A Note Graph is a graph-based representation of musical scores, where nodes represent notes and edges capture relationships such as sequence, onset, and sustain. This approach provides a structured way to analyze and model complex musical relationships, such as polyphony, voice leading, and harmonic context.

Key features:

  • Captures relationships between notes beyond simple sequences.
  • Useful for music analysis, generation, and machine learning.
  • Enables modeling of complex structures like counterpoint and harmony.

Summary Table

RepresentationTypeTypical Use CasesStrengths
MIDIEvent-basedSequencing, playback, editingCompact, widely supported
ABC NotationText-basedFolk/traditional music, sharingSimple, human-readable
REMIEvent-basedAI music generationStructured, rhythm-aware
MusicXMLXML-basedSheet music, notation, analysisDetailed, expressive, interoperable
Piano RollVisualMIDI editing, sequencingIntuitive, easy to manipulate
Note GraphGraph-basedAnalysis, AI, complex relationshipsCaptures structure and context
Source
import music21
music21.environment.UserSettings()['musescoreDirectPNGPath'] = '/usr/bin/mscore3'

# Create a simple melody: C D E F G F E D C
melody_notes = ['C4', 'D4', 'E4', 'F4', 'G4', 'F4', 'E4', 'D4', 'C4']
melody = music21.stream.Stream()
for n in melody_notes:
    melody.append(music21.note.Note(n, quarterLength=0.5))

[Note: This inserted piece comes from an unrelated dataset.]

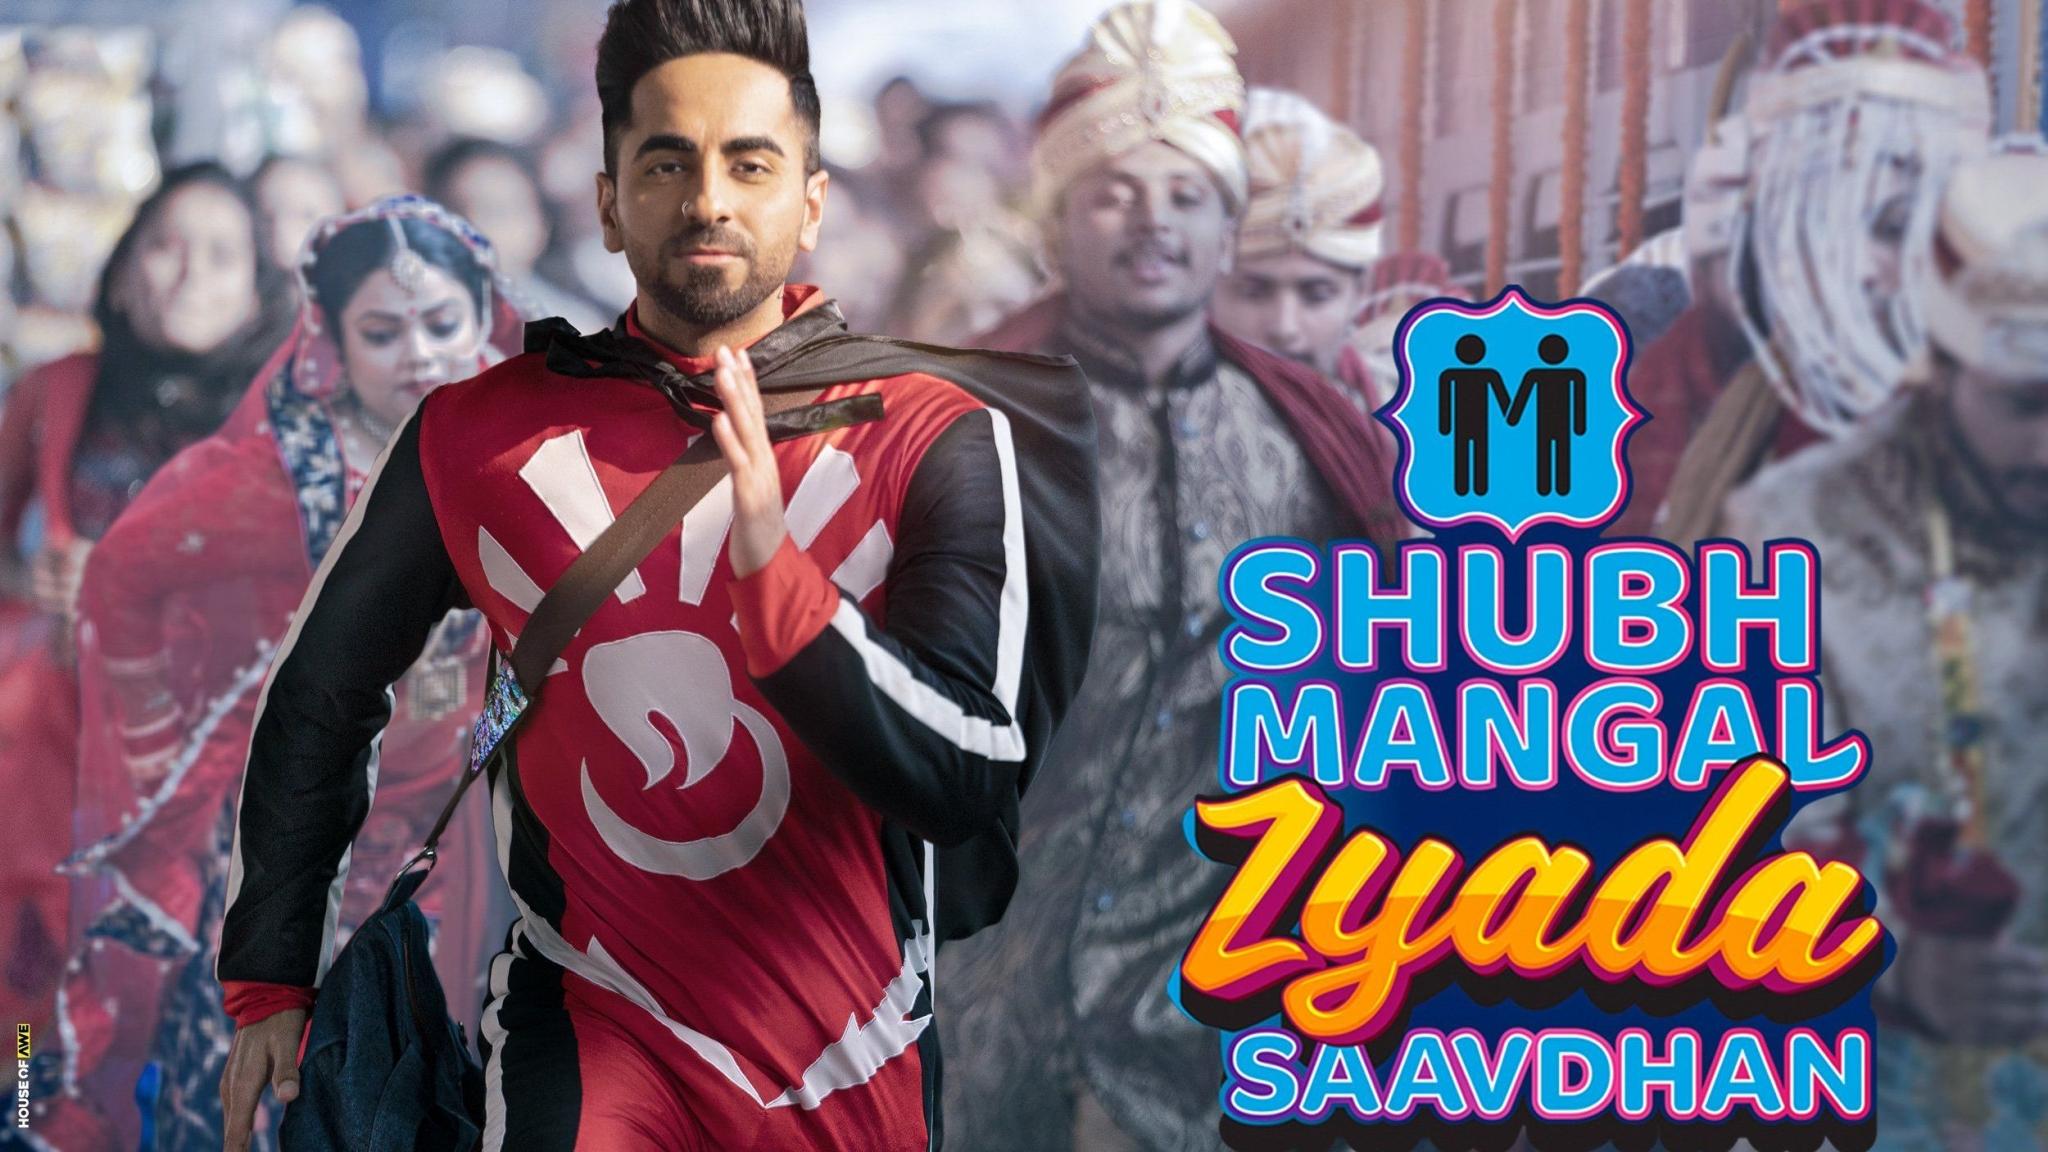 Ayushmann Races Towards 'Shubh Mangal Zyada Saavdhan' Release
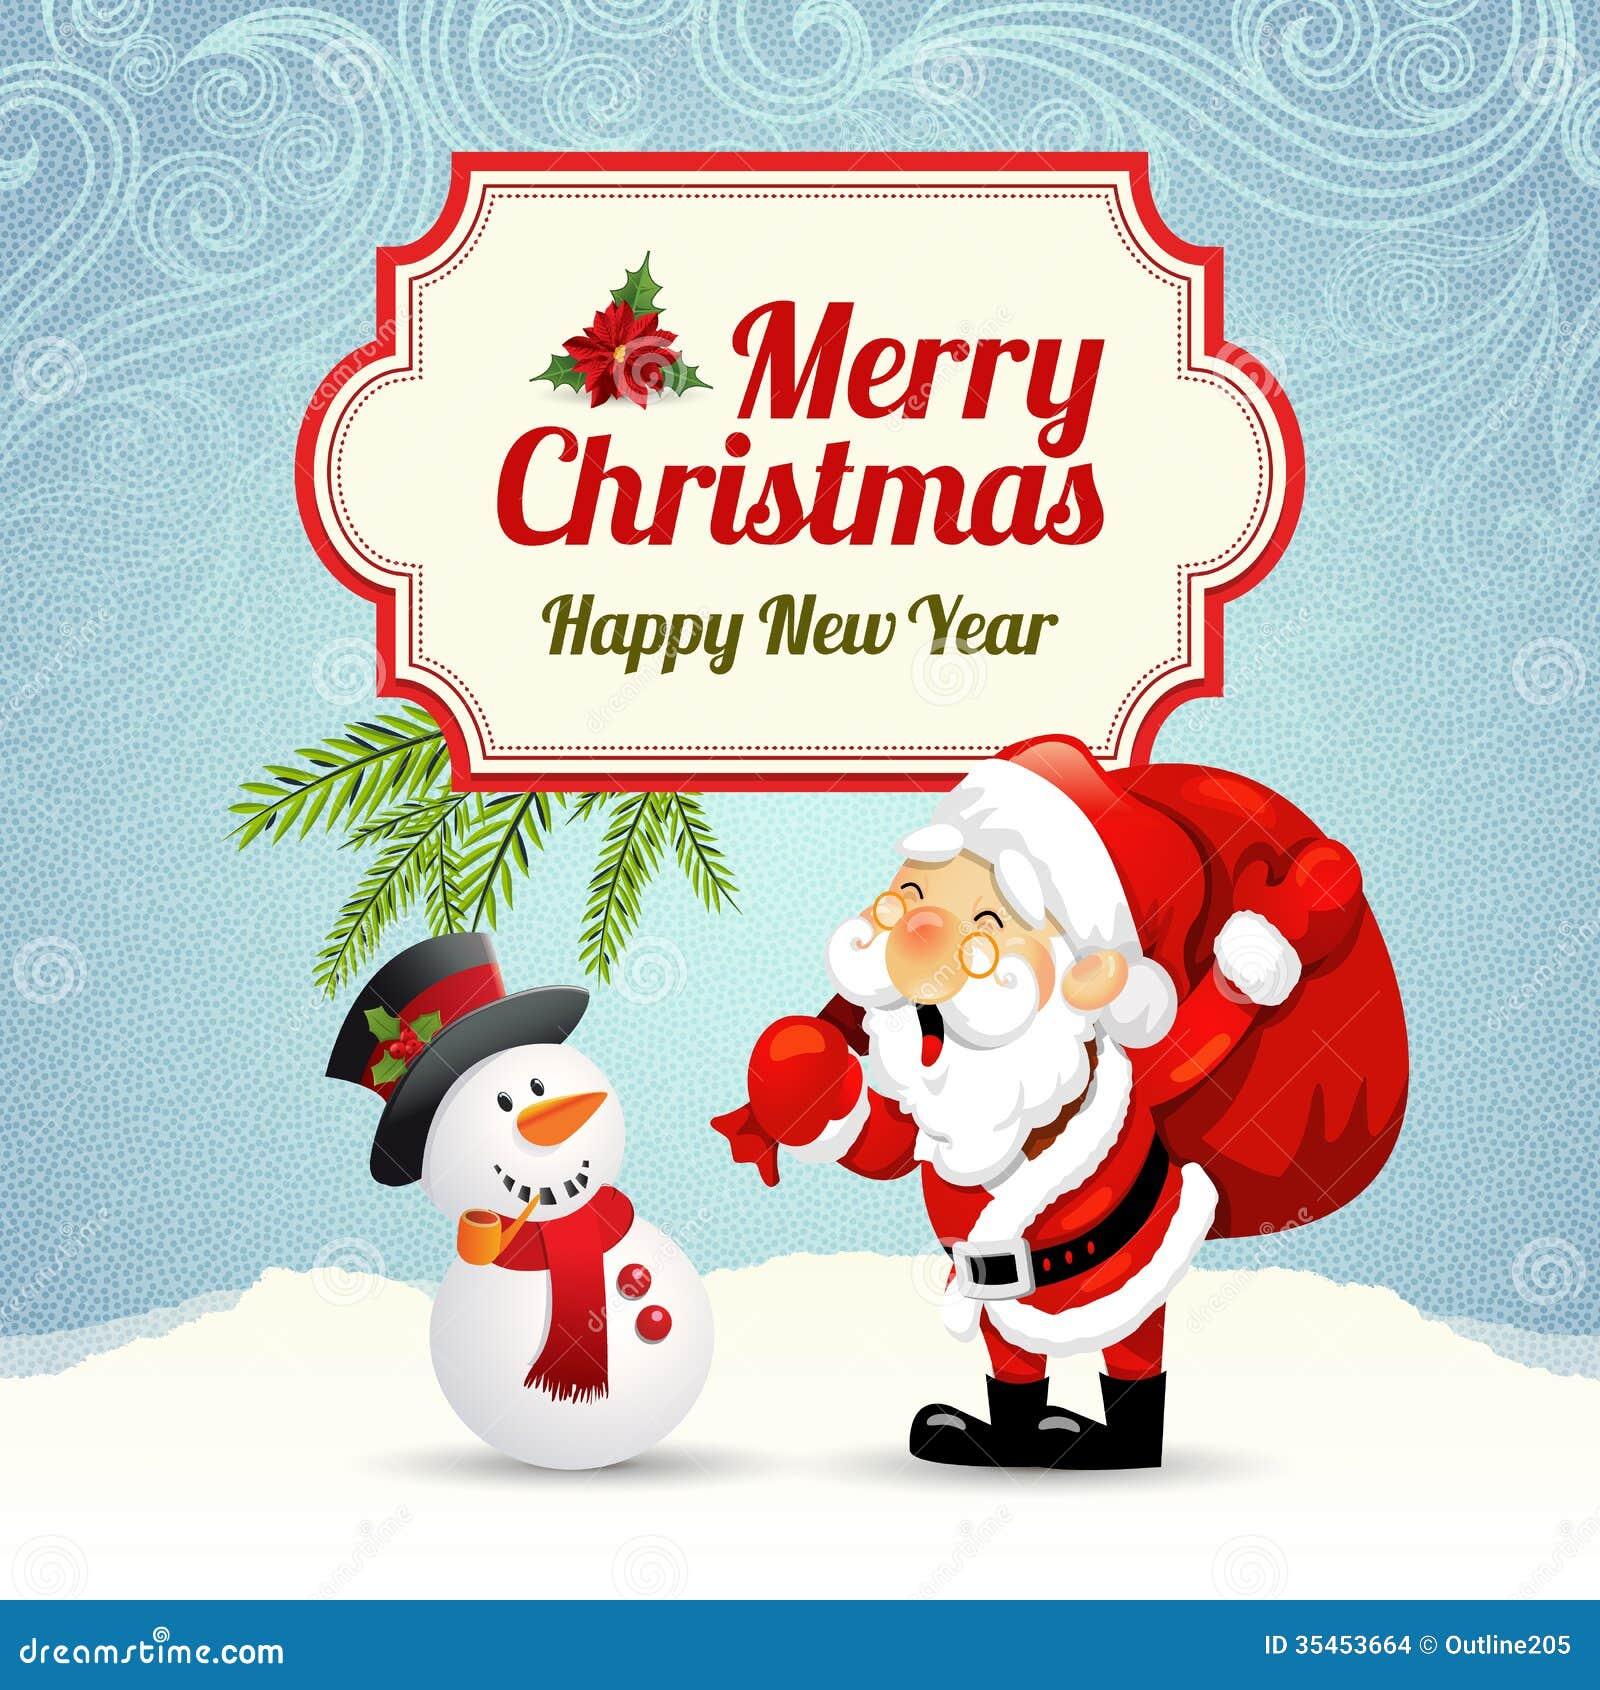 christmas card - Santa Claus Christmas Cards

# Show the musical score (this will render in Jupyter if MuseScore or similar is installed)
melody.show()
<IPython.core.display.Image object>

Questions

  1. What is the difference between a tone and a note in music psychology?
  2. How does a spectrogram differ from a waveform in audio visualization?
  3. What is the purpose of the Mel Spectrogram and why is it perceptually relevant?
  4. Describe the concept of harmony and how technology can be used to analyze it.
  5. What are the main differences between symbolic representations such as MIDI, ABC Notation, and MusicXML?